Фамилия обидчика была Рипкин. Рипкин стоял у телефона и весело болтал.
– Ту-ту-ту-ту! – закричал он в трубку с интонацией судьбы, которая стучится в дверь (к тому времени Никита уже помнил кое-что из Бетховена), – что, обосрался?
И засмеялся в трубку.
Рипкин зарос легкой бородой, примерно трехнедельной давности, и похудел, спали мышцы, как спадает проколотый надувной матрас. Когда он отошел от телефона, Никита увидел, что Рипкин немного хромает, совсем немного, но ходит перекошенным, потому что правая нога короче левой. Никита ломал ему правое бедро. Пламя ненависти горело так же ровно и сильно, как пять лет назад.
Никита пошел за ним. Он помнил Рипкина как сильного противника и немного тревожился за исход поединка, все-таки пять лет без тренировок. Он всегда недооценивал себя.
Рипкин шел мимо парка. Парк был достаточно безлюден и весь зарос кустами. Никита догнал Рипкина и положил ему руку на плечо. Рипкин обернулся и испугался, не узнавая. Его волосы были грязными и похожими на войлок. Уголки рта оттянуты далеко книзу, как у бульдога.
– Пойдем туда, – сказал Никита и придавил плечо.
– Пойдем, – сказал Рипкин и попробовал вырваться. Не удалось.
Они вошли в кусты, держась за руки, как влюбленные.
Поначалу кусты оказались непригодными для борьбы – они быстро заканчивались и перерастали в старую воллейбольную площадку. За площадкой угадывались глазастые дома. Везде валялись разноцветные бумажки. На дальних скамейках сидели старые женщины.
– Я буду кричать, – неуверенно сказал Рипкин.
– Тогда я тебя задушу, – ответил Никита вполне искренне.

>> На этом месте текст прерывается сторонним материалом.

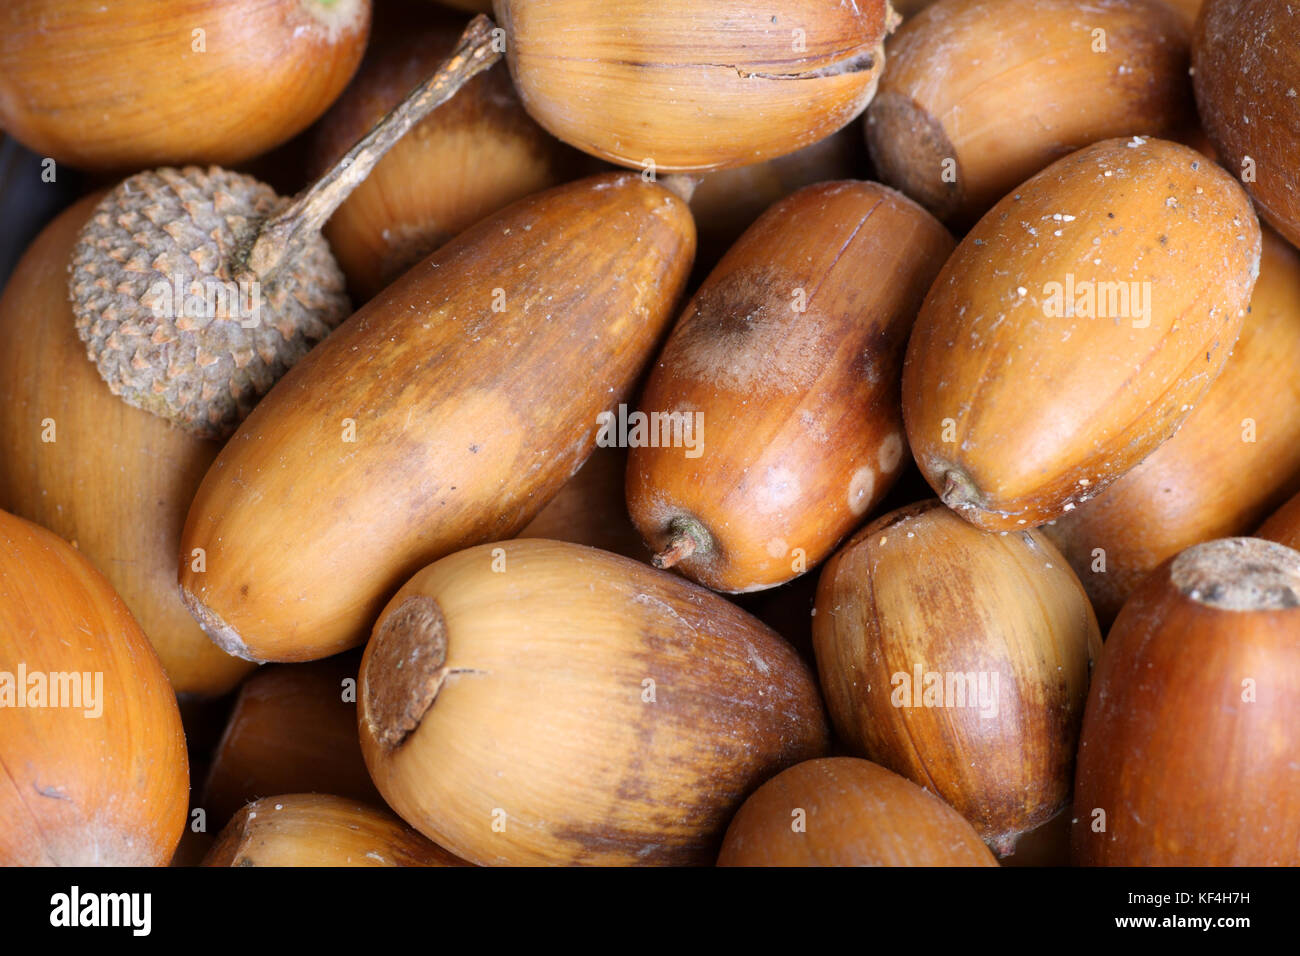 Fallen acorns from an oak tree, UK. Stock Photo
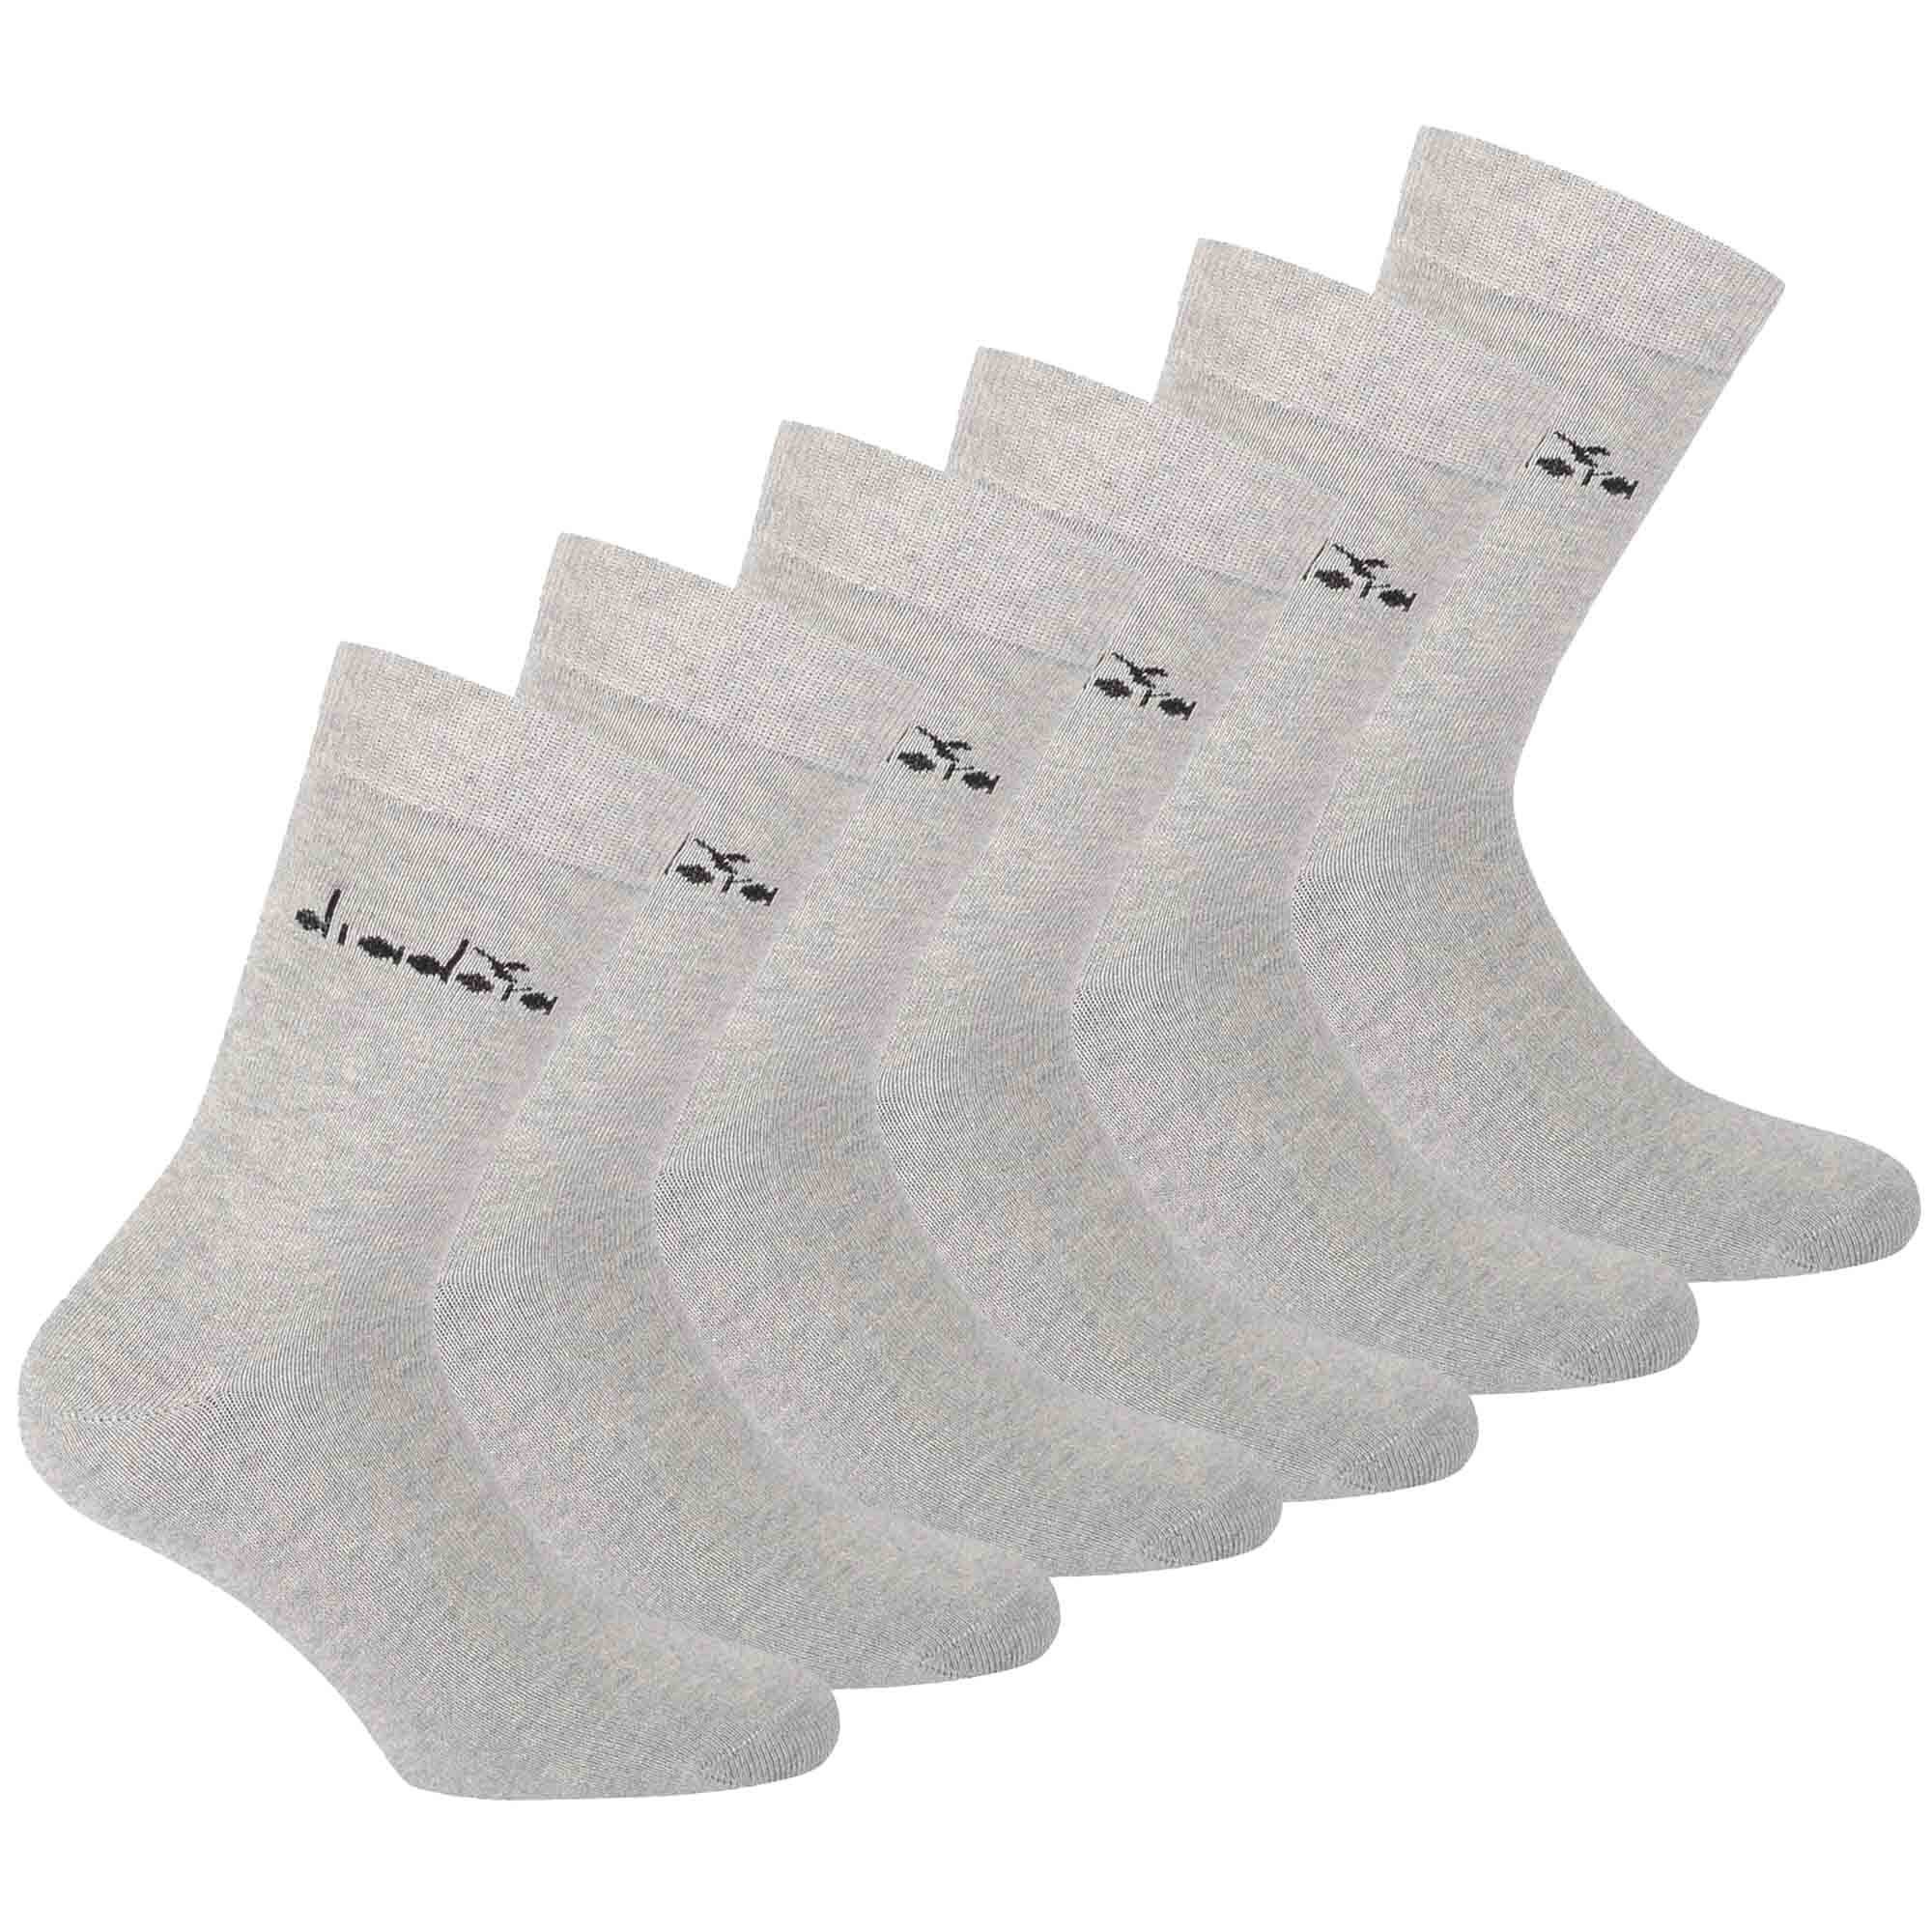 Diadora Pack Sportsocken - Baumwolle 6er Socken, Hellgrau Sportsocken, Unisex

– Я тебя, кажется, видел раньше.
– Кажется.
Они поискали подходящие кусты и вкоре нашли. Рипкин попробовал сопротивляться, но быстро получил множественные телесные повреждения средней тяжести и потерял сознание.
Никита оставил его и вышел из парка.
Светило солнце, воробьи играли в песке. Две собаки у дороги играли в любовь. Рыжая выскользнула и перебежала на другую сторону дороги, призывно поглядела на черно-белую.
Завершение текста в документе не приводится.